Interaction to Next Paint (INP) replaced First Input Delay (FID) as a Core Web Vital in March 2024 and remains the responsiveness metric in 2026. While FID only measured the delay of the first interaction, INP measures the latency of all interactions throughout the page lifecycle and reports the worst interaction (at the 98th percentile). This is a much more demanding metric because it captures the full user experience, not just the first click. An INP of 200ms or less is considered good.

INP is the metric that catches the problems FID missed. A page could have excellent FID because the first click happened before heavy JavaScript executed, but terrible INP because subsequent interactions -- expanding accordions, filtering lists, submitting forms -- were blocked by long tasks on the main thread. If your application relies heavily on client-side JavaScript for interactivity, INP is likely your most challenging Core Web Vital to optimize.

Cumulative Layout Shift (CLS) measures visual stability. Every time a visible element shifts position without user interaction -- an ad loading above content, a web font replacing fallback text, an image without explicit dimensions -- it contributes to the CLS score. A CLS of 0.1 or less is considered good. Layout shifts are particularly frustrating for users because they cause misclicks, disorientation, and a general feeling that the page is broken.

Why Core Web Vitals Matter Beyond SEO

Google uses Core Web Vitals as a ranking signal, which gets most of the attention. But the real reason to care about these metrics is their direct impact on business outcomes. Research consistently shows that:

• A 100ms improvement in LCP correlates with a 0.7% increase in conversion rate for e-commerce sites
• Pages with good INP scores have 22% lower bounce rates than pages with poor INP
• Sites with CLS above 0.25 see 15% higher cart abandonment on mobile devices

Core Web Vitals are not arbitrary benchmarks. They are empirically derived thresholds that represent the point at which user behavior measurably changes. Treating them as a checklist for SEO misses the larger opportunity -- they are proxy metrics for the user experience that directly drives your business outcomes.

---

Lighthouse for Performance Testing

Lighthouse is Google's open-source tool for auditing web page quality, including performance, accessibility, best practices, and SEO. While most developers know Lighthouse as a Chrome DevTools panel, its real power for QA teams lies in Lighthouse CI -- a suite of tools that integrates Lighthouse audits into your CI/CD pipeline so that every pull request is automatically tested for performance regressions.

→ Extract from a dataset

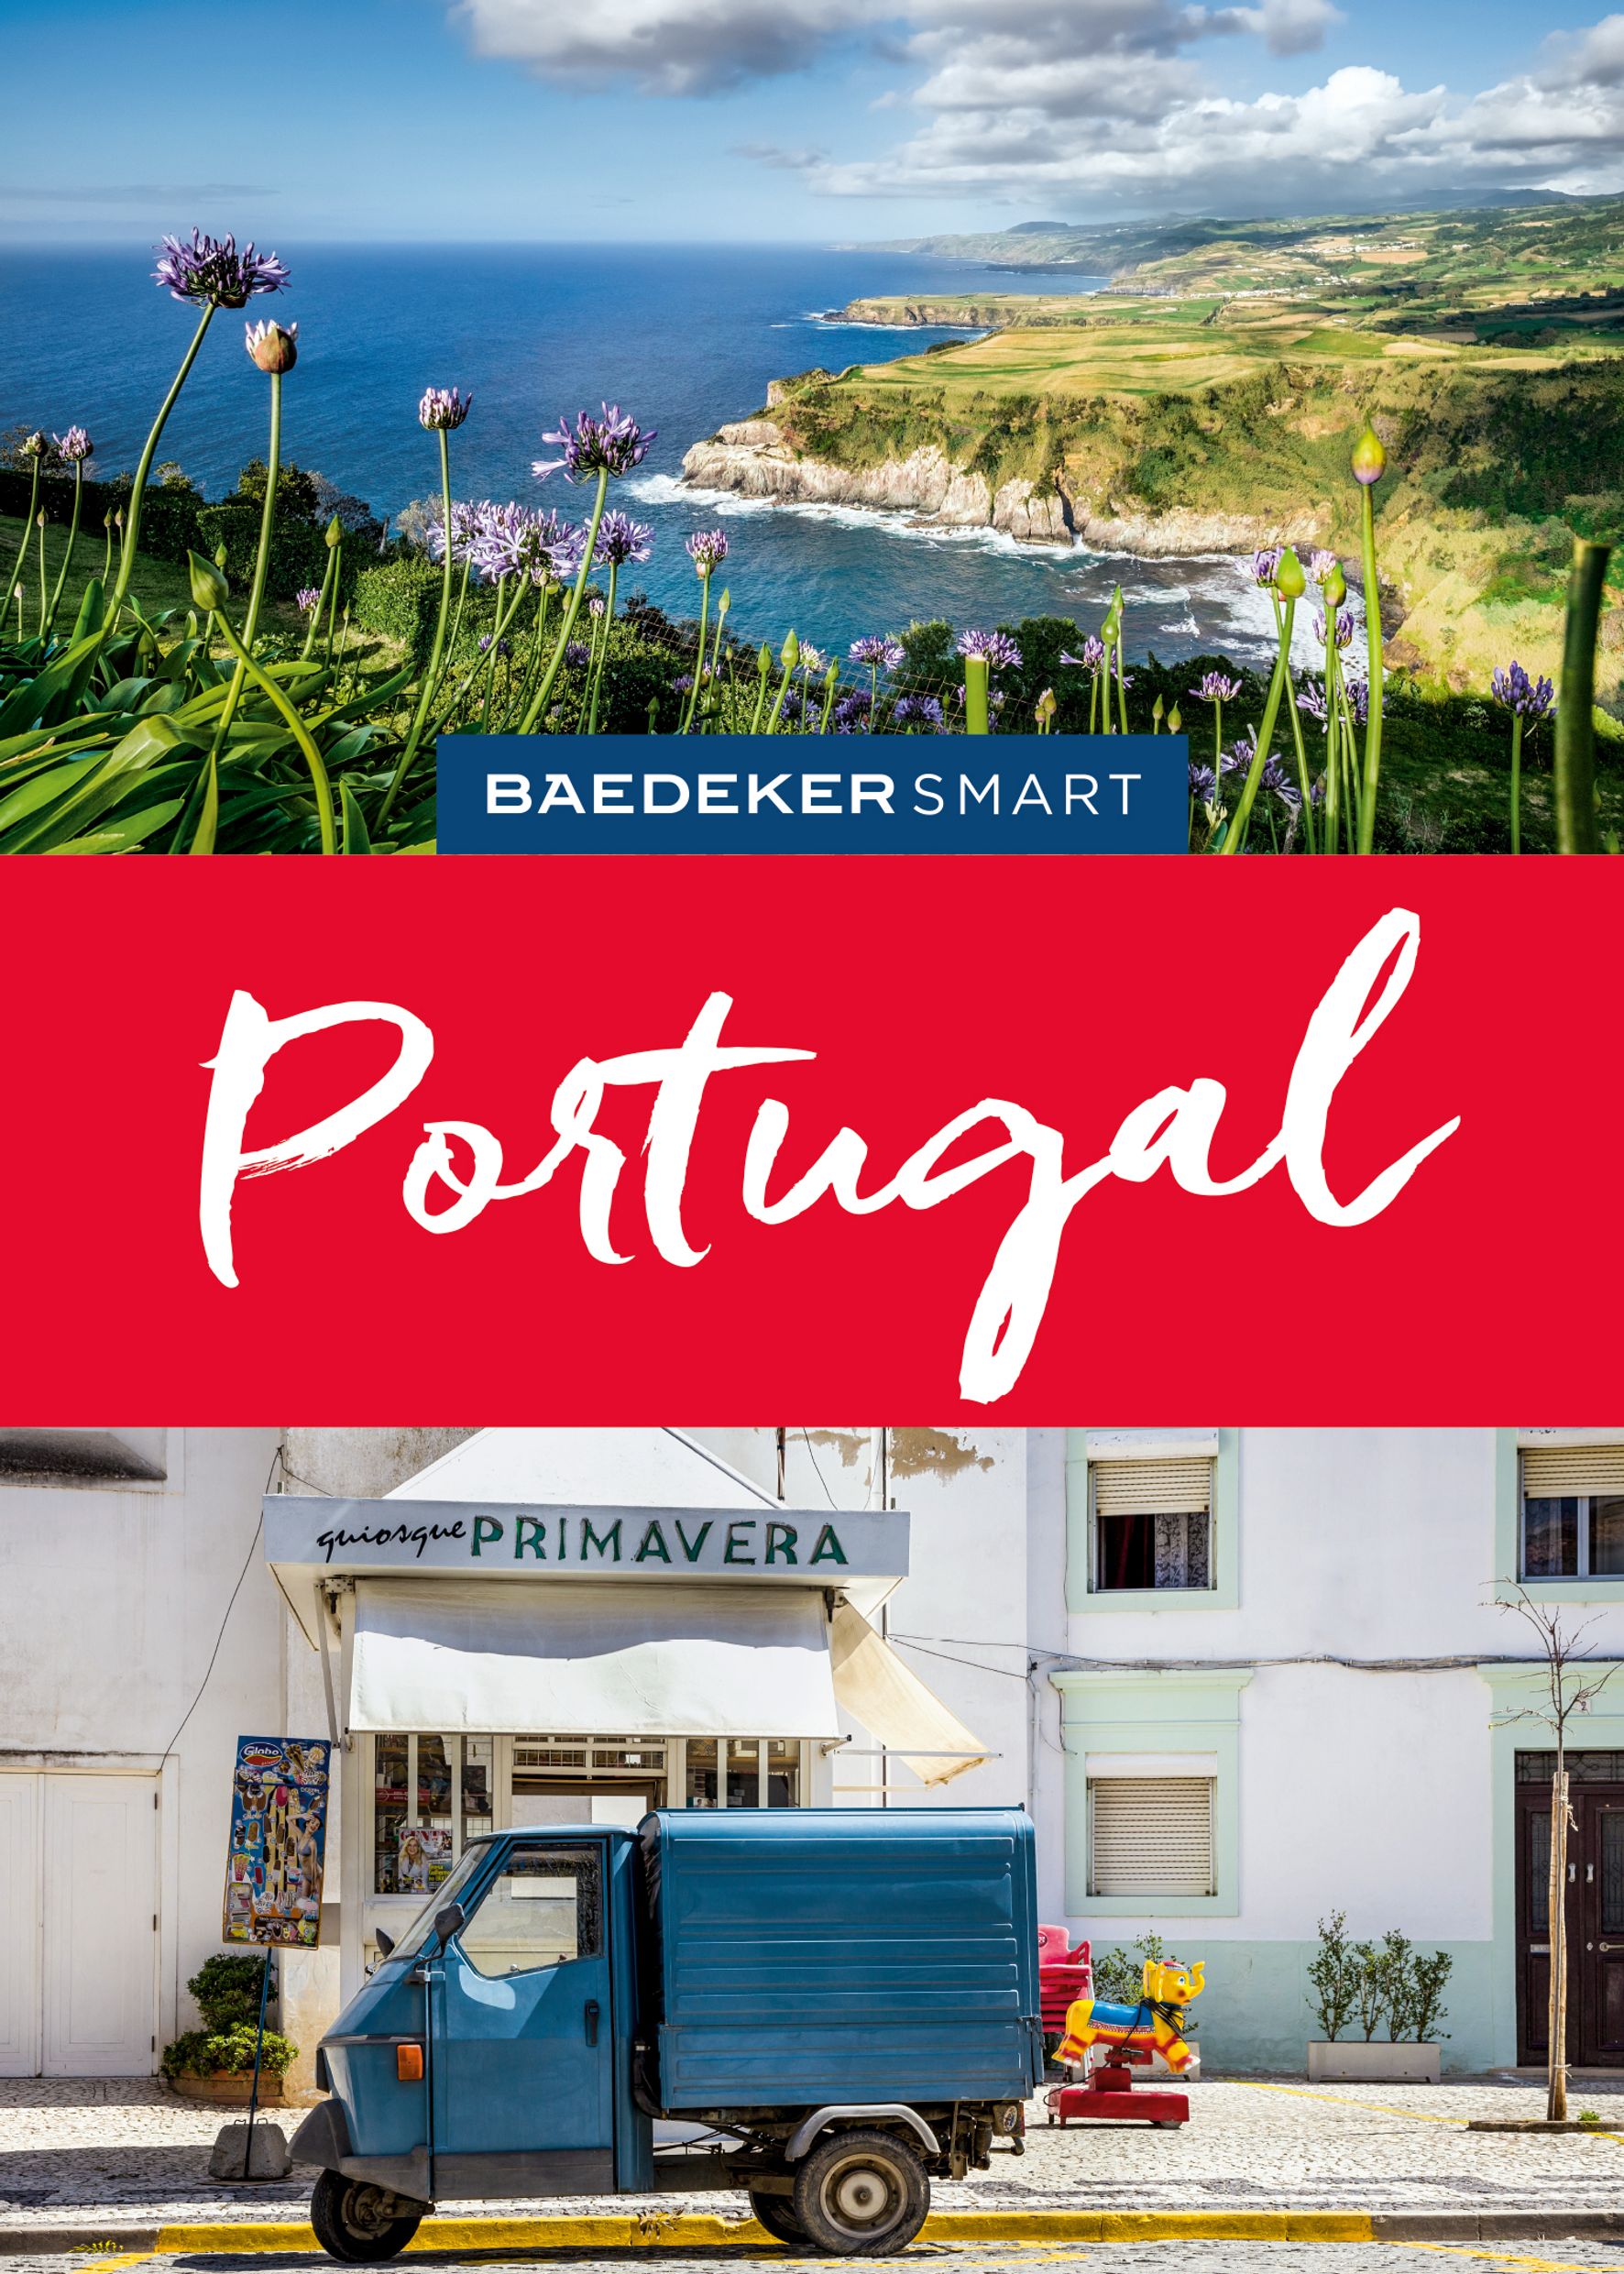 Baedeker Portugal (eBook)

Running Lighthouse Programmatically

You can run Lighthouse from the command line or programmatically in Node.js. The CLI approach is the simplest way to get started:

npm install -g lighthouse
lighthouse https://your-app.com --output=json --output-path=./report.json

For programmatic use in your test suite:

import lighthouse from 'lighthouse';
import * as chromeLauncher from 'chrome-launcher';

async function runAudit(url) {
  const chrome = await chromeLauncher.launch({ chromeFlags: ['--headless'] });
  const result = await lighthouse(url, {
    port: chrome.port,
    output: 'json',
    onlyCategories: ['performance'],
  });

  const { lhr } = result;
  console.log('Performance score:', lhr.categories.performance.score * 100);
  console.log('LCP:', lhr.audits['largest-contentful-paint'].numericValue);
  console.log('INP:', lhr.audits['interaction-to-next-paint']?.numericValue ?? 'N/A');
  console.log('CLS:', lhr.audits['cumulative-layout-shift'].numericValue);

  await chrome.kill();
  return lhr;
}

Setting Up Lighthouse CI

Lighthouse CI (LHCI) provides three core capabilities: collecting Lighthouse results across multiple runs, asserting that results meet defined thresholds, and uploading results to a server for historical tracking. Install it as a dev dependency:

npm install --save-dev @lhci/cli

Create a lighthouserc.js configuration file at your project root:

module.exports = {
  ci: {
    collect: {
      url: ['http://localhost:3000/', 'http://localhost:3000/dashboard'],
      startServerCommand: 'npm run start',
      numberOfRuns: 3, // Run 3 times to reduce variance
    },
    assert: {
      assertions: {
        'categories:performance': ['error', { minScore: 0.9 }],
        'largest-contentful-paint': ['error', { maxNumericValue: 2500 }],
        'interactive': ['error', { maxNumericValue: 3500 }],
        'cumulative-layout-shift': ['error', { maxNumericValue: 0.1 }],
        'total-byte-weight': ['error', { maxNumericValue: 500000 }],
      },
    },
    upload: {
      target: 'temporary-public-storage', // Free, 7-day retention
    },
  },
};

The assert block is where Lighthouse CI becomes a quality gate. Each assertion defines a metric, a severity level (error fails the build, warn logs without failing), and a threshold. The numberOfRuns: 3 setting runs Lighthouse three times and uses the median result, which reduces variance from network and CPU fluctuations in CI environments.

Budget Configuration

Lighthouse also supports a dedicated budget.json file for resource budgets:

[
  {
    "path": "/*",
    "resourceSizes": [
      { "resourceType": "script", "budget": 300 },
      { "resourceType": "image", "budget": 200 },
      { "resourceType": "stylesheet", "budget": 50 },
      { "resourceType": "font", "budget": 100 },
      { "resourceType": "total", "budget": 700 }
    ],
    "resourceCounts": [
      { "resourceType": "script", "budget": 15 },
      { "resourceType": "third-party", "budget": 5 },
      { "resourceType": "total", "budget": 50 }
    ]
  }
]

The sizes are in kilobytes. This budget says your total page weight should not exceed 700 KB, with no more than 300 KB of JavaScript, and no more than 5 third-party resources. These are aggressive but achievable targets for most applications and will catch the common pattern of bundle size creep that happens when dependencies accumulate without oversight.

---

Real User Monitoring vs Synthetic Testing

Performance testing broadly falls into two categories: synthetic testing (also called lab testing) and real user monitoring (RUM) (also called field testing). Each approach has distinct strengths, and a mature performance monitoring strategy uses both.

Synthetic Testing

Synthetic testing runs automated performance tests in a controlled environment -- a specific device, network speed, and location. Lighthouse, WebPageTest, and similar tools are synthetic testing tools. They give you repeatable, consistent results that are ideal for detecting regressions in CI and comparing before-and-after performance of specific changes.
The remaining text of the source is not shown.